This trial, carried out by the plastic, vascular and orthopaedic surgery departments of La Timone and La Conception Hospitals in Marseille (AP-HM) as well as of Henri Mondor Hospital in Créteil (AP-HP), aims to evaluate the performance and safety of the VistaCare ONE device in routine practice for patients suffering from acute, chronic, traumatic or surgical leg wounds.

VistaCare Open post-market clinical follow-up (PMCF) is a prospective, open-label, multi-centre trial evaluating the performance and safety of the VistaCare ONE wound-healing device. About 30 patients will be included. The primary endpoint will be to measure the device’s performance through the use of descriptive indicators of the healing stages and progress.

The study’s secondary endpoints will assess the decision time by type of treatment — covering procedures (with grafts or skin flaps) or dressing — as well as the number of days of hospitalisation required. The secondary endpoints will also include patients’ quality of life (levels of pain and comfort) as well as the user-friendliness of VistaCare ONE for caregivers.

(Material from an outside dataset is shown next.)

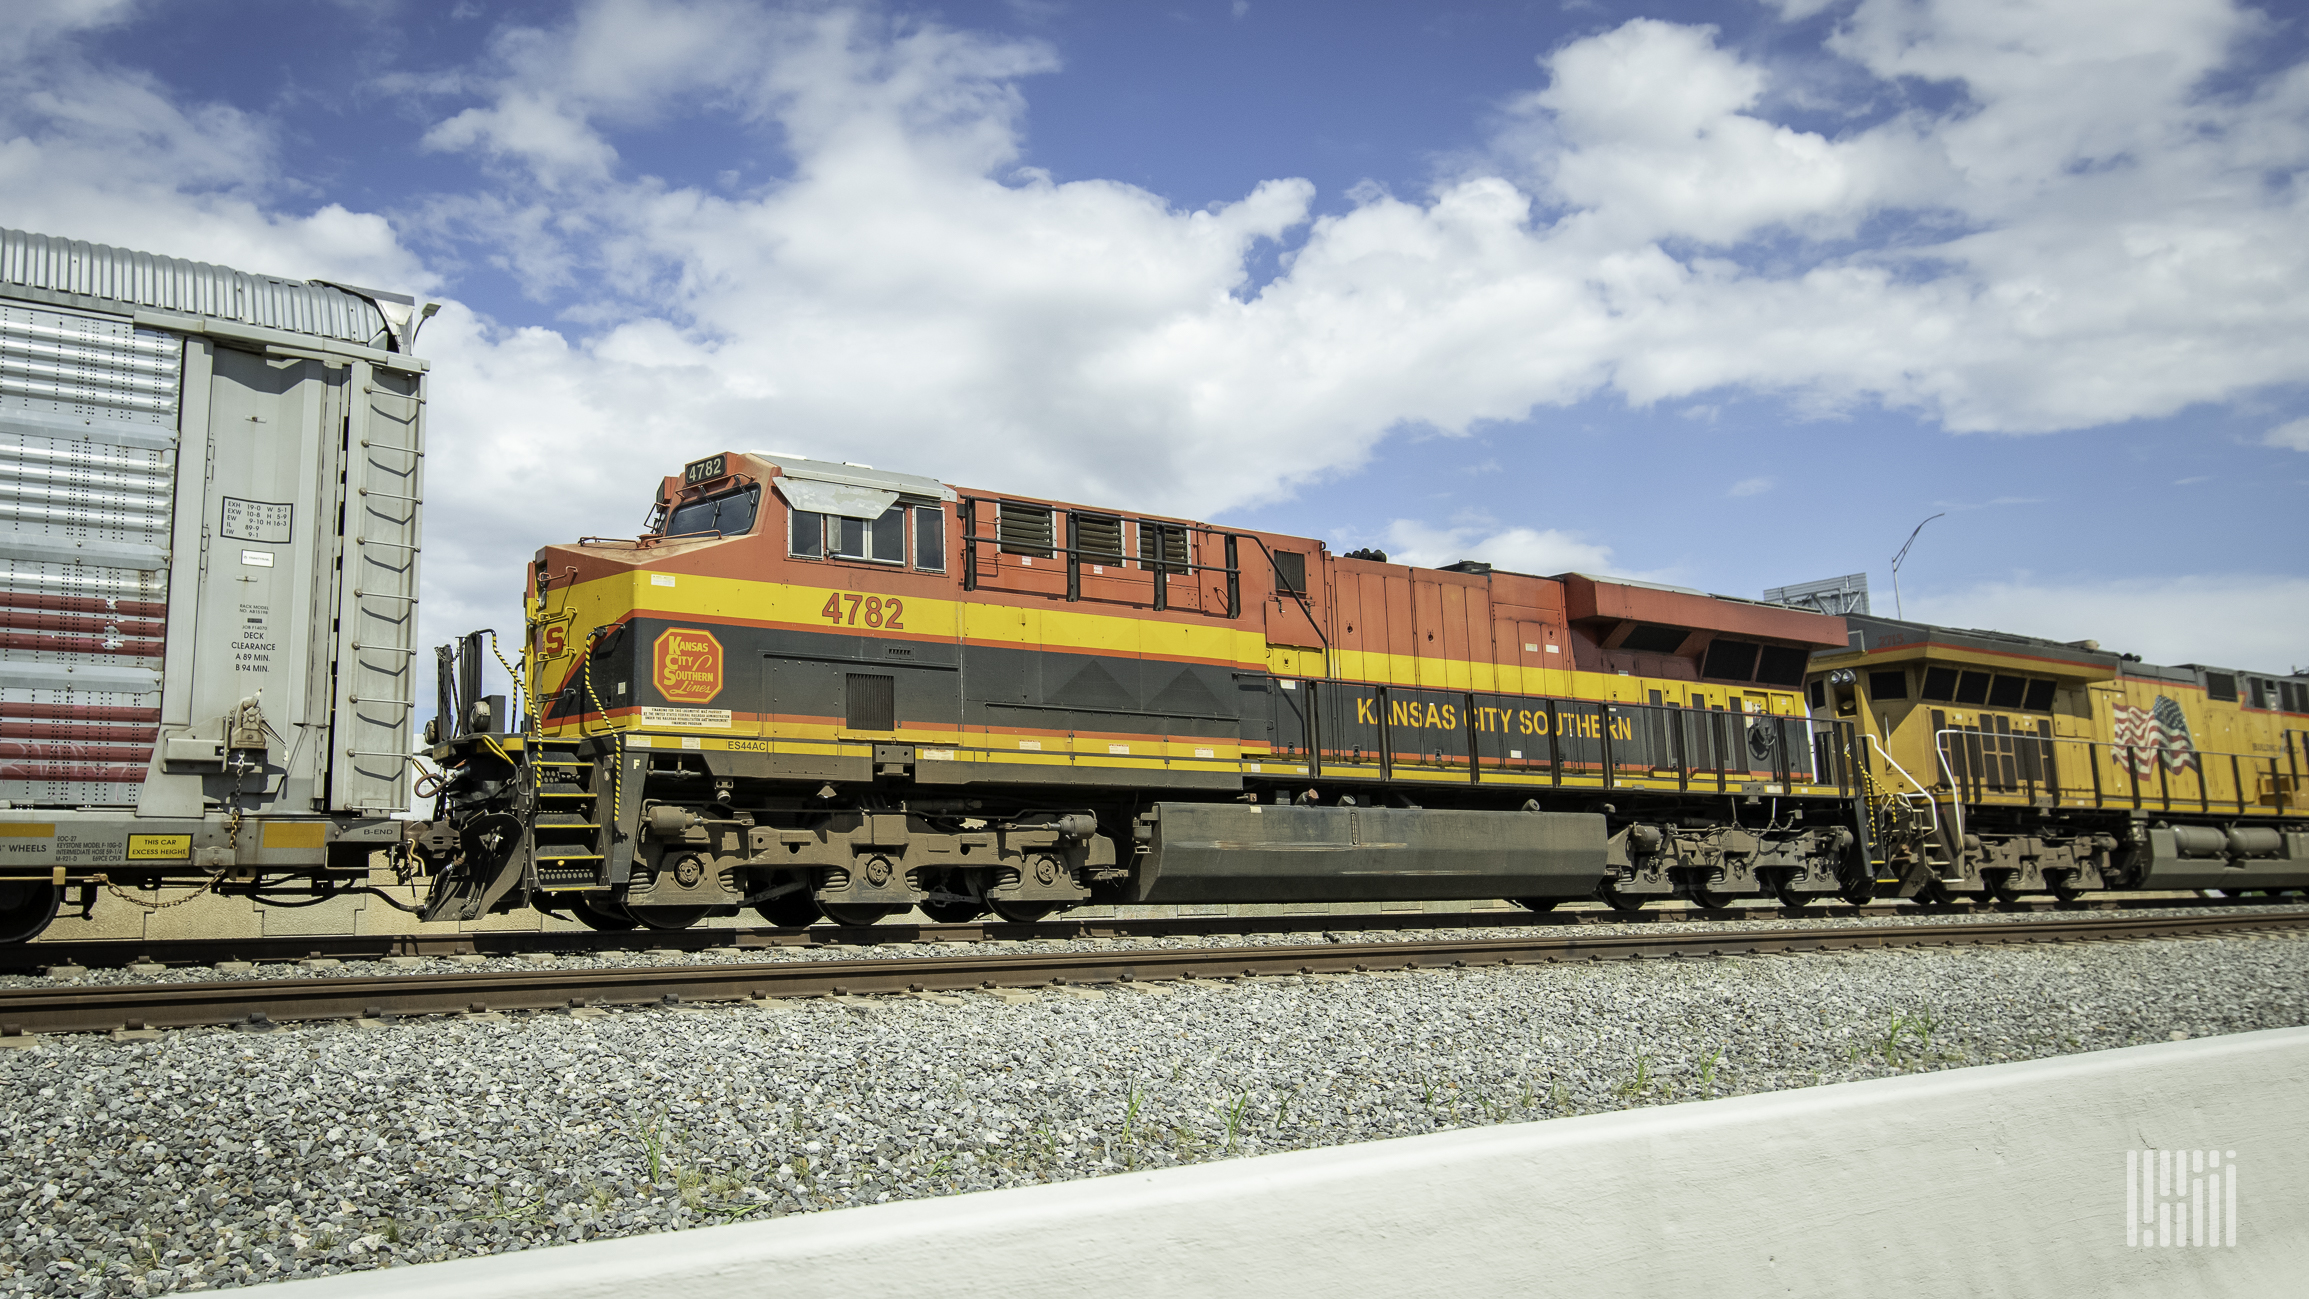 A photograph of a KCS train at a rail yard.
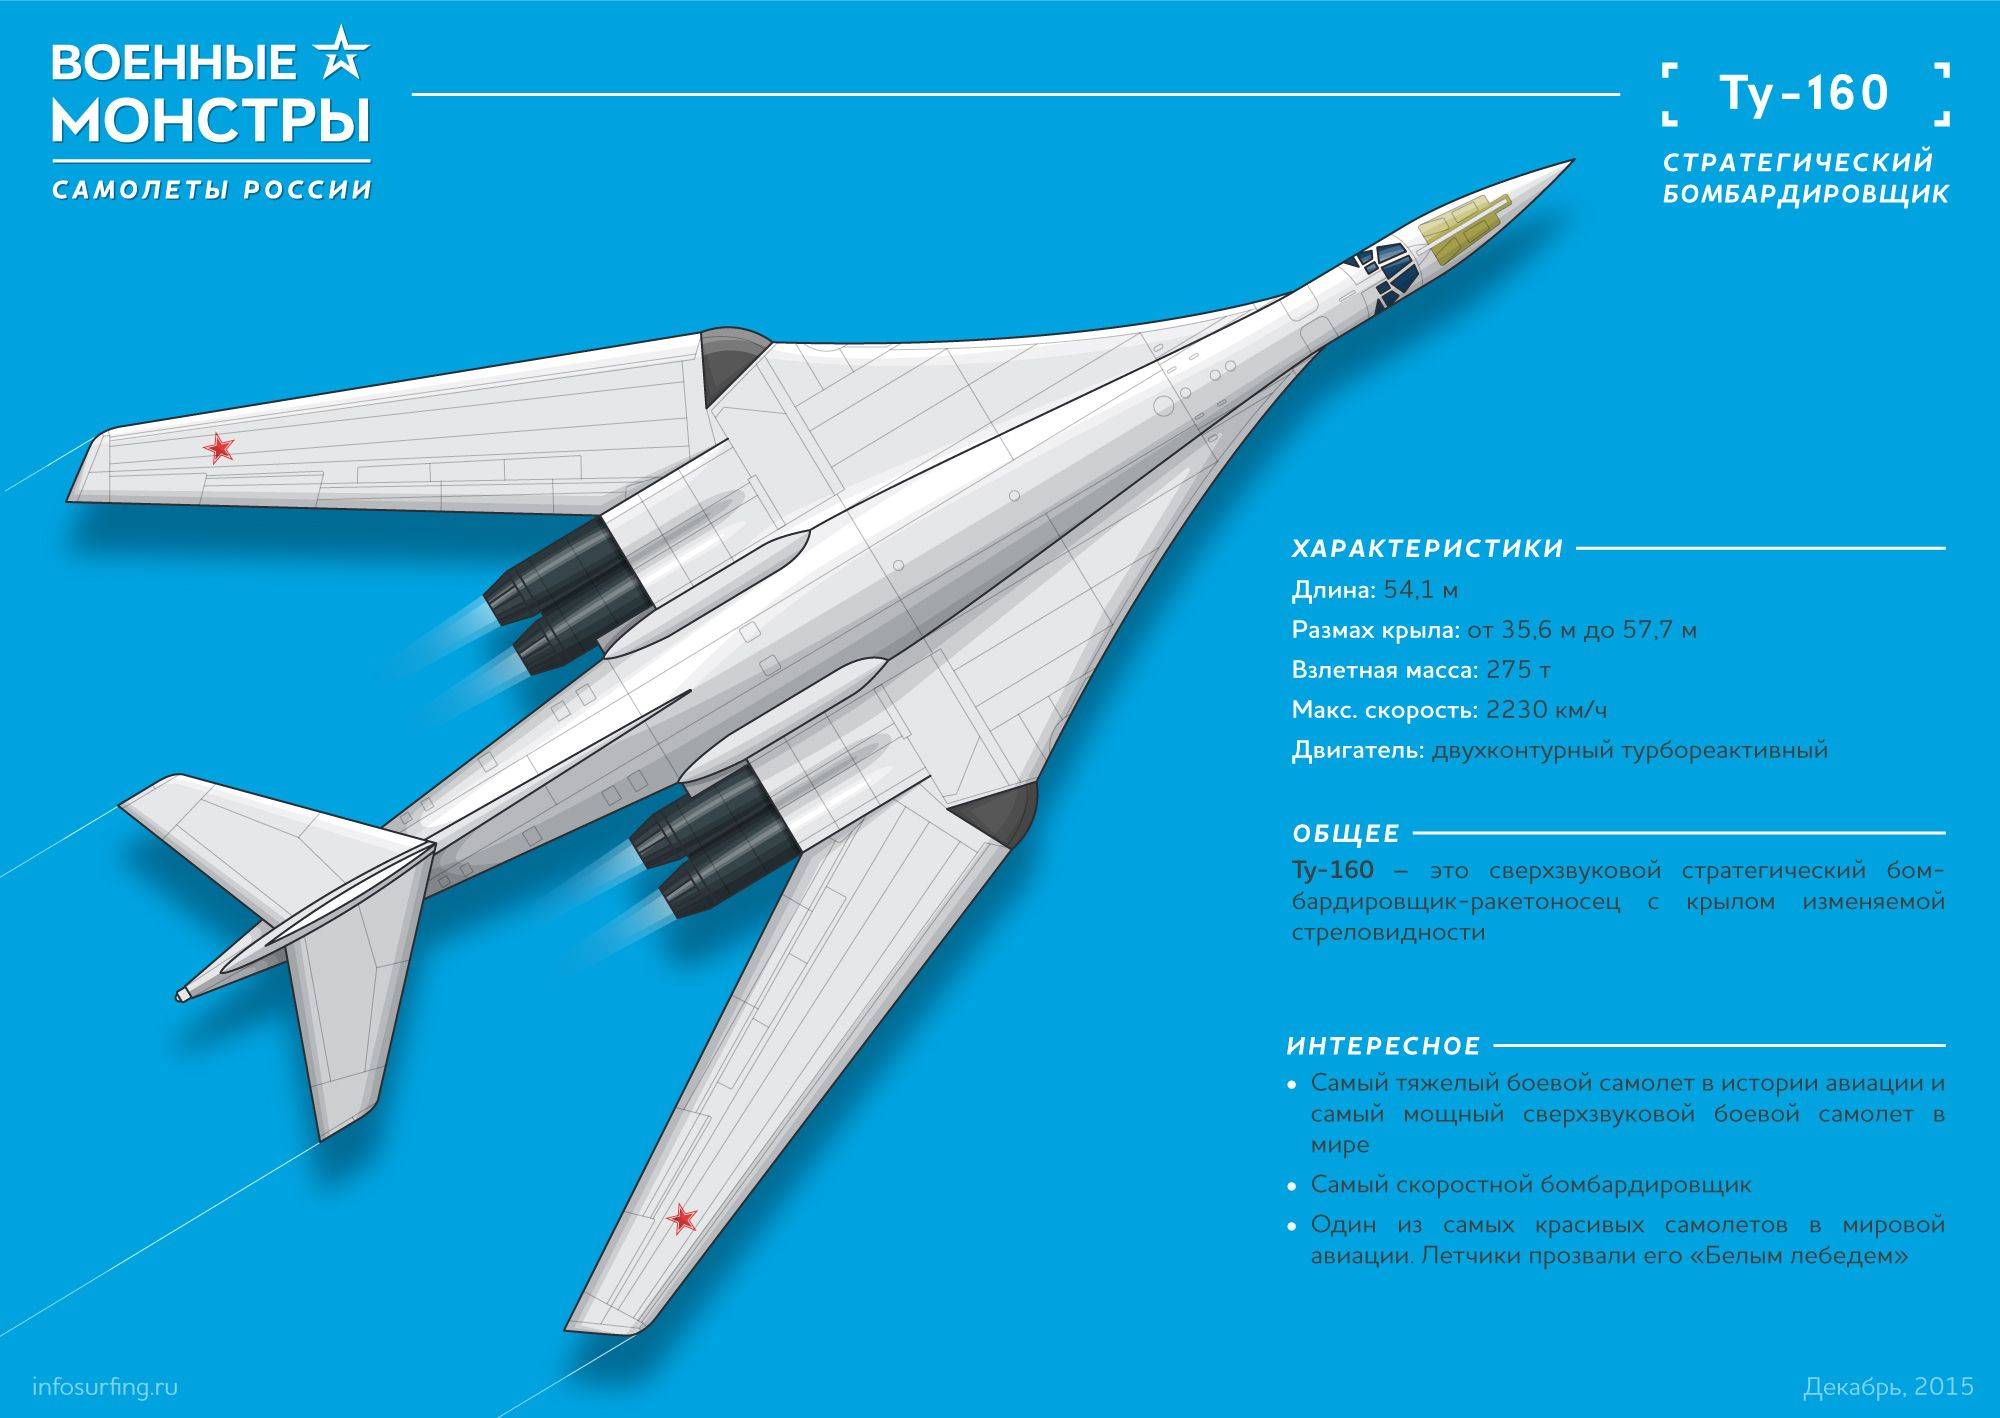 Стратегический бомбардировщик ту-160. конструкция, характеристики, модернизация - биографии и справки

During a presentation at the medical event Journées Cicatrisations 2019 Professor Casanova said: “The VistaCare therapeutic approach envisioned and developed by DTAMedical, based on controlling the wound’s environmental factors, is a hope for many patients who currently have no suitable treatment. For the first time in wound care, doctors will have control over every key healing stage and factor, for a more effective management of complex wounds.”

By placing the wound in a transparent containment device with sterile properties, the VistaCare technology can enable the control and monitoring of critical healing parameters (oxygen, hygrometry, temperature) and allows for immediate therapeutic reactivity, by maintaining a permanent visual contact with the wound. Closest to the needs of the wound, VistaCare is the only device that makes it possible to direct and control the healing process at all times.

François Dufaÿ, founder and CEO of DTAMedical, said: "We are pleased to announce the inclusion of the first patient in this clinical trial to evaluate the performance and safety of the VistaCare healing device in routine practice.”